# Kenwood XR600-6DSP



## Lanson (Jan 9, 2007)

Anybody picked up anything on this? 
Kenwood eXcelon 6-Channel Power Amplifier - XR600-6DSP

What I am catching is it has 10 channels of DSP, 6 channels of POWA, and can bridge. The DSP is 32bit 192kHz (!!) and connects with Maestro (AR?) units, at least that's the vapor-ware plan. 

First off, holy **** that's some serious DSP processing power if 32/192 is reality. The 13 band graphic and additional parametric sounds good enough, if not a little simple, maybe for the average DIY'er just going by ear. But I like the bluetooth connection to an app on a portable device, that makes a lot more sense to me than something like the "director" or MS-8's screen. We all have smartphones and tablets, so it makes sense to me. Hell the 3sixty.2 (remember?) had bluetooth connection with an app to run the software. Buggy as ****, but at least it had it.

I was a huge fan of the X4R and it made ridiculous clean power, but the DSP was very simple. Back in the day I was grateful a thing like that even existed though.

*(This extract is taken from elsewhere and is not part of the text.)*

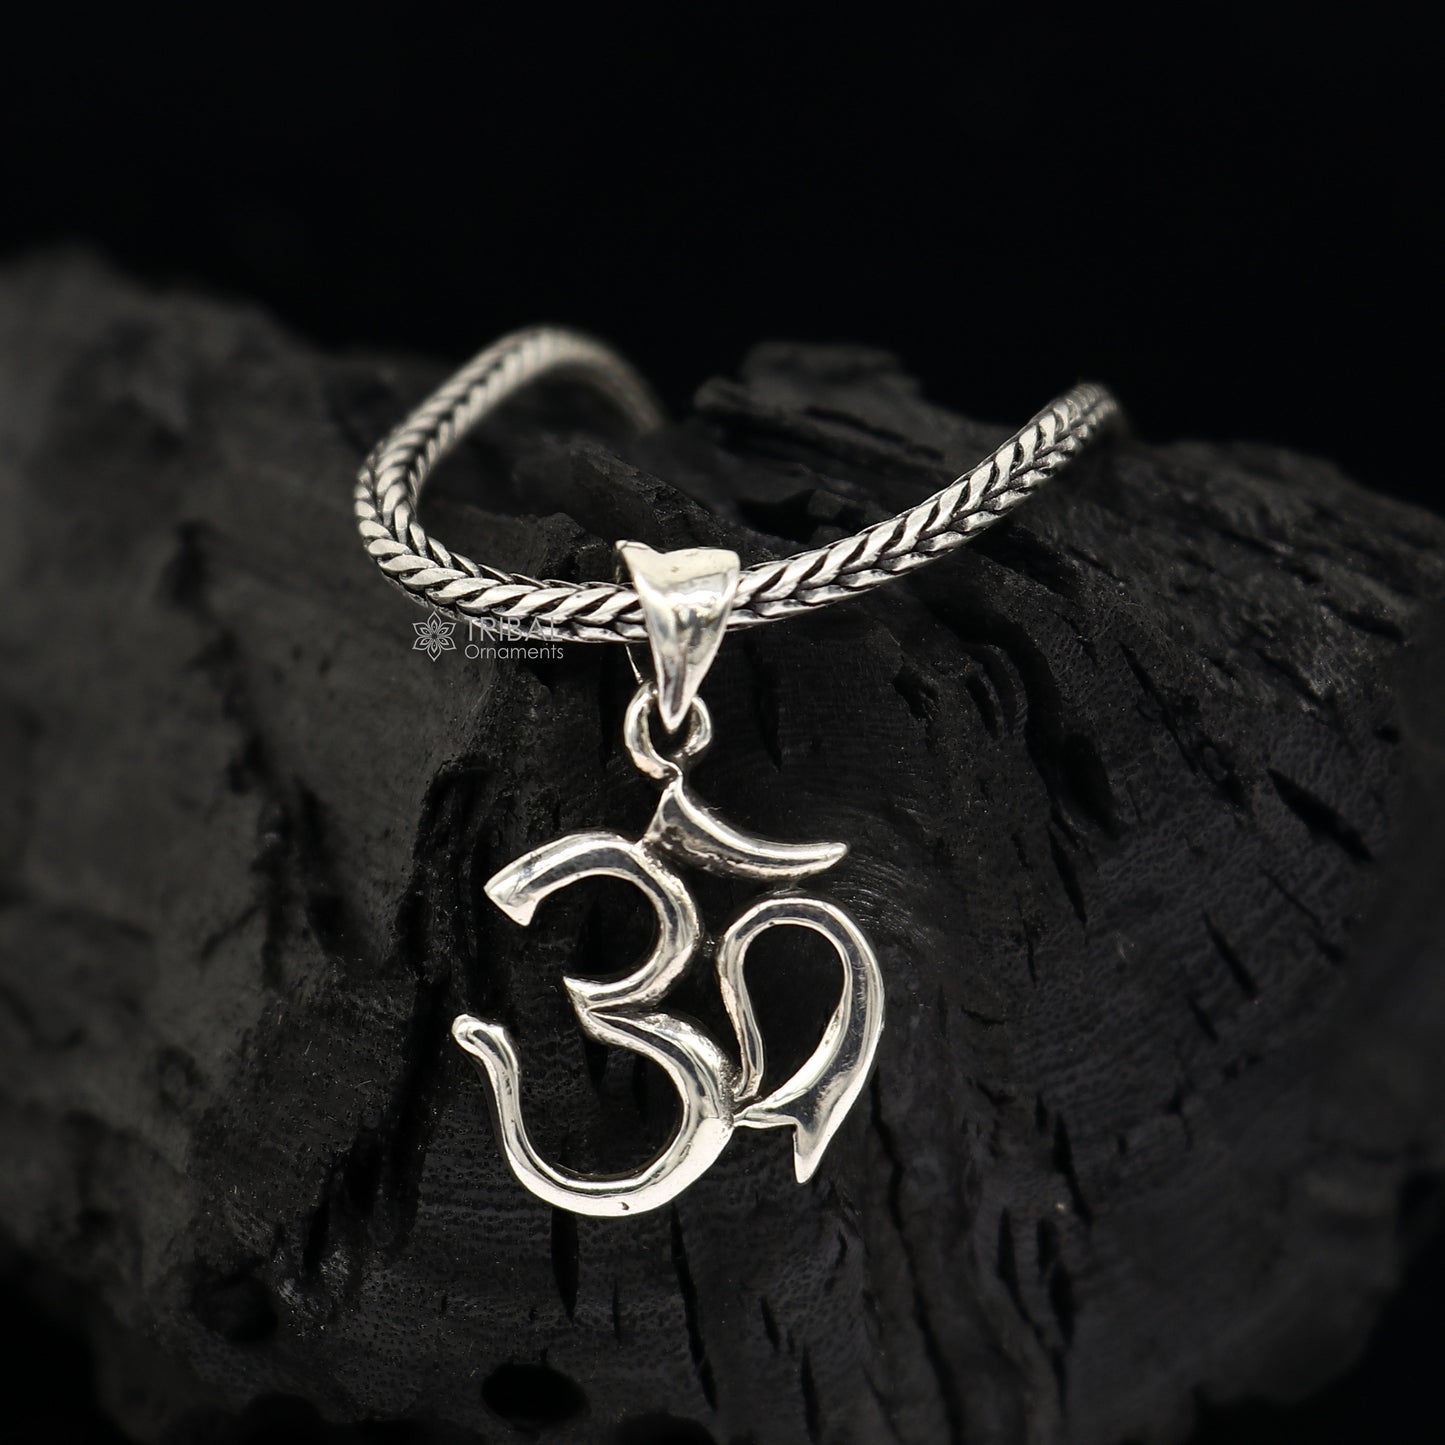 925 sterling silver unique design HINDU Vaidik Mantra Aum OR OM pendant wheat chain necklace locket best gifting jewelry Nsp717 - TRIBAL ORNAMENTS

This new thing seems to be potentially a giant-killer. I guess we'll learn more soon enough, but naturally I'm curious. ~$600 retail too.


----------



## MrGreen83 (Jun 11, 2015)

Sub'd


Sent from my iPhone using Tapatalk


----------



## USS Enterprise (May 26, 2007)

Wow. Looks like a killer amp.


----------



## Huckleberry Sound (Jan 17, 2009)

WOW!!! Looks very very nice!!!

Put it with the Kenwood Xr1000-1 for less than $500.00!

This is right on point


----------



## capea4 (Sep 2, 2010)

Looking at the specs, crossover says hp or LP for each channel? Also only shows 0-180 phase adjustments

Also looks like graphic is stereo only but parametric is 10 channel


----------



## THEDUKE (Aug 25, 2008)

Just an FYI for you guys, this is not a stand alone amp. This amp will only work in a factory OEM system using an aftermarket interface made by Maestro. The interface will be the AR module. It will not work in any other applications. The module lets the amp interface into the factory OEM system and that is how it gets its signal and does the DSP for the factory speakers. 
https://www.youtube.com/watch?v=X3w6UafkNi4


----------



## Lanson (Jan 9, 2007)

THEDUKE said:


> Just an FYI for you guys, this is not a stand alone amp. This amp will only work in a factory OEM system using an aftermarket interface made by Maestro. The interface will be the AR module. It will not work in any other applications. The module lets the amp interface into the factory OEM system and that is how it gets its signal and does the DSP for the factory speakers.
> https://www.youtube.com/watch?v=X3w6UafkNi4


Hmmm, I could see it needing the AR module (per the CES exhibit videos), because there's no RCA input. But it does mention universal input, so there's probably a way to go without the AR. Of course this is all extremely new, so its probably not worth worrying about yet.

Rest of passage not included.